MicroLens · Microscopy Vision-Language Model
Gemma 4 E2B fine-tuned on 122,399 microscopy VQA pairs across 145+ genera — diatoms, freshwater and marine zooplankton, fungal spores, fish larvae. Three open versions, all Apache 2.0, all running 100 % offline.
- Base model:
unsloth/gemma-4-E2B-it(4.65 B params) - Source code:
SergheiBrinza/microlens - Android APK: GitHub Releases
- Browser demo: HuggingFace Space
- Ollama Hub:
brinzaengineeringai/microlens-v{1,2,3} - Submission for: Kaggle Gemma 4 Good Hackathon 2026 — Health & Sciences track
- License: Apache 2.0 (code, weights, datasets — see LICENSE_AUDIT.md)
Model versions in this repository
| Version | Style | When to use |
|---|---|---|
| v1 | Naive baseline | Historical reference, training-progression demo |
| v2 | Production brief — single line | Pipelines, automated databases, low-latency |
| v3 | Production rich — four sections (genus + morphology + habitat + ID cues) | Citizen science, classroom, judge-facing UIs |
Each version ships as GGUF Q4_K_M (3.4 GB) + BF16 mmproj (940 MB) for llama.cpp / Ollama / mtmd:
gguf/
├── gemma-4-e2b-it.Q4_K_M.gguf # v1 model (3.4 GB)

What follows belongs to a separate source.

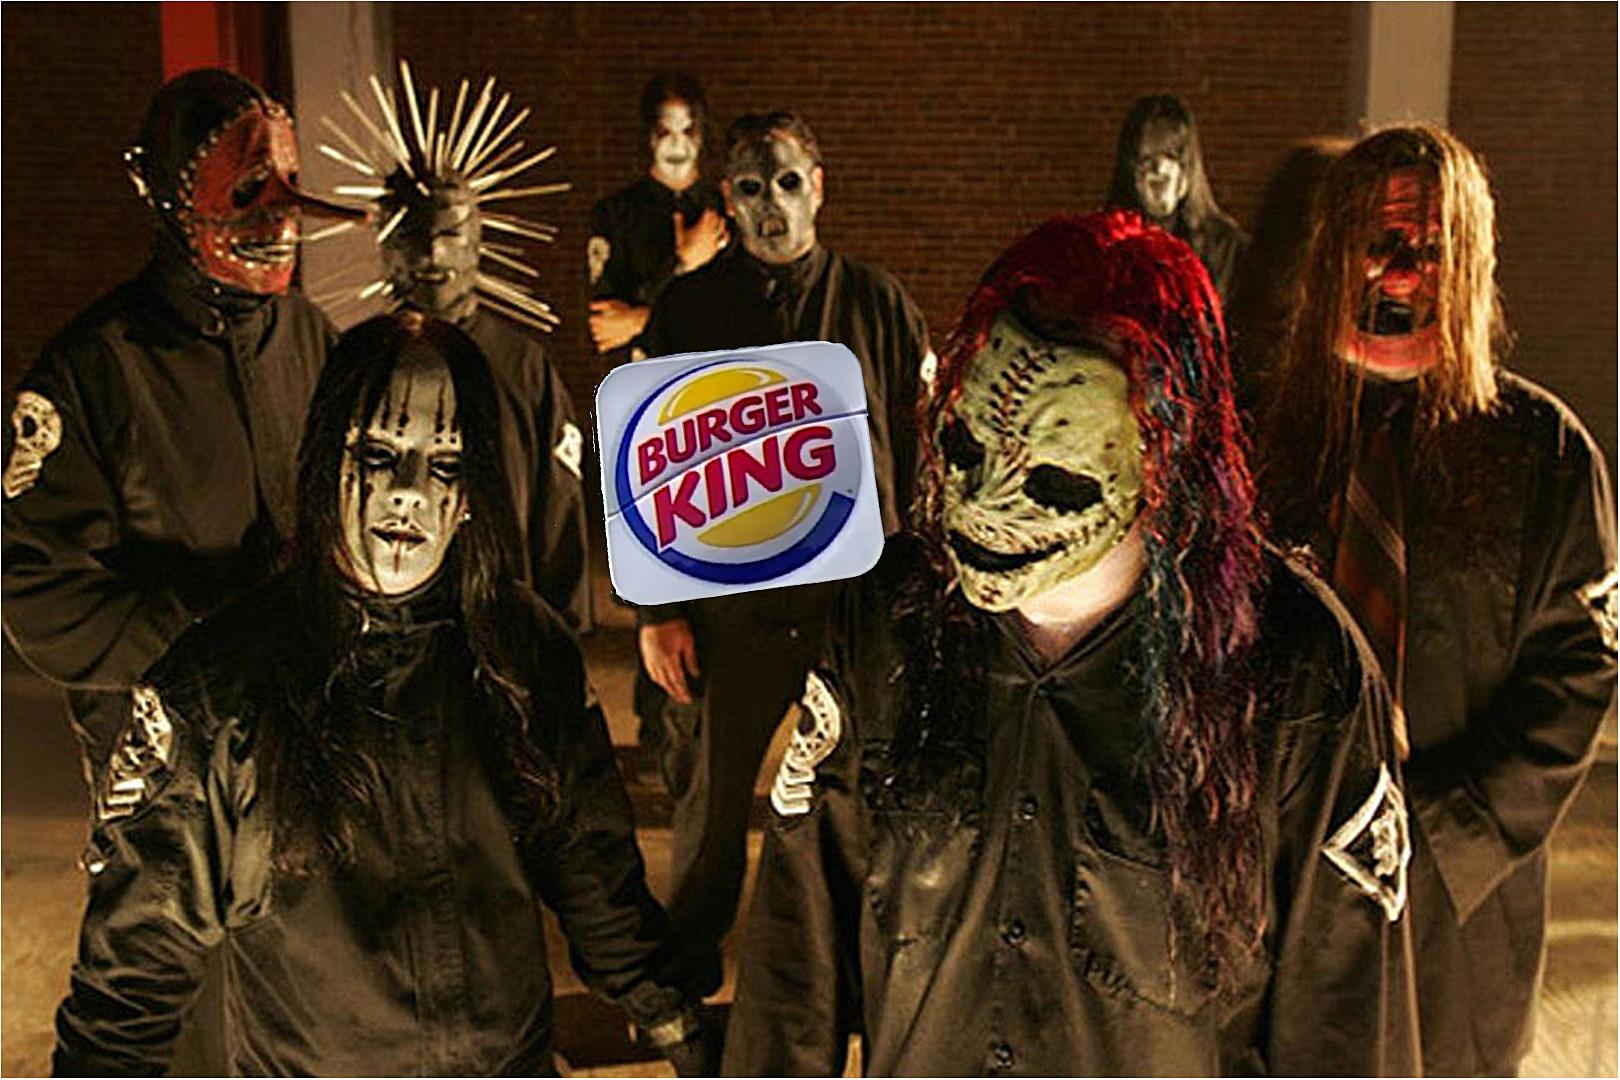 Remember When Slipknot Sued Burger King?

├── gemma-4-e2b-it.BF16-mmproj.gguf # v1 mmproj (940 MB)
├── v2/
│ ├── model.gguf # v2 model (3.4 GB)
│ └── mmproj.gguf # v2 mmproj (940 MB)
└── v3/
├── model.gguf # v3 model (3.4 GB)
└── mmproj.gguf # v3 mmproj (940 MB)
Plus the LoRA adapter, merged FP16 model, tokenizer, and processor for downstream training.
Run it
# easiest — Ollama
ollama run brinzaengineeringai/microlens-v3
# stock llama.cpp
llama-server \
-m gguf/v3/model.gguf \
--mmproj gguf/v3/mmproj.gguf \
-ngl 99
Training summary
| Metric | v2 | v3 |
|---|---|---|
| Base model | unsloth/gemma-4-E2B-it (4.65 B) | resumed from v2 checkpoint-18351 |
| Trainable params | LoRA r=32, α=64 | same adapter, 1 extra epoch |
| Train samples | 99,215 | 99,215 (rich-format augmented from KB) |
| Validation samples (held-out) | 12,331 | 220 stratified |
| Epochs | 3 | 1 |
| Hardware | RTX 3090 Ti | RTX 3090 Ti |
| Training time | 37 h | 10 h 16 m |
| Final eval loss | ≈ 0.21 | 0.0213 |
| Framework | Unsloth FastVisionModel · 4-bit QLoRA | same |
Evaluation
Stratified evaluation on held-out val.jsonl (n = 220 across 5 categories):
| Metric | v2 | v3 |
|---|---|---|
| Category accuracy | 97 – 100 % | 97 – 100 % |
| Genus accuracy (145+ genera, random ≈ 0.7 %) | ~ 45 % | ~ 45 % (no drift) |
| Rich-format compliance | n/a | 100 % |
Datasets
122,399 image–question–answer triples from public, licence-clean microscopy collections:
| Category | Source | Samples |
|---|---|---|
| Diatoms | UDE Diatoms in the Wild 2024, DiAtlas | 97 k |
| Freshwater zooplankton | ZooLake (EAWAG) | 12 k |
| Marine zooplankton | V1-Zooplankton | 10 k |
| Fungal spores | TGFC fungal | 5 k |
| Fish larvae | ZooLake | 0.2 k |
| Negative-class (no specimen) | synthetic | 1.5 k |
145+ genera with long-tail handled by category-level fallback. Top-30 genera have hand-curated knowledge-base entries (morphology + habitat + identification cues from AlgaeBase, WoRMS, ITIS, Round 1990, Krammer-Lange-Bertalot 1986–1991). Full per-source attribution: docs/LICENSE_AUDIT.md. No verbatim copyrighted text was used; KB phrasing is original paraphrase.
Limitations
- Long-tail genera (~100 of 145+ have <100 training samples each) get category-generic morphology rather than genus-specific descriptions. The 30 most-common genera have hand-curated entries.
- Pseudo-class
Fishhas no species-level annotation in the training data; v3 falls back to a category-level templated description. - Mobile cold-start on sub-$100 phones takes ~3-4 minutes (model load + 292-token prefill on 6 CPU cores). Subsequent inferences in the same session are much faster. Use desktop or browser for real-time work.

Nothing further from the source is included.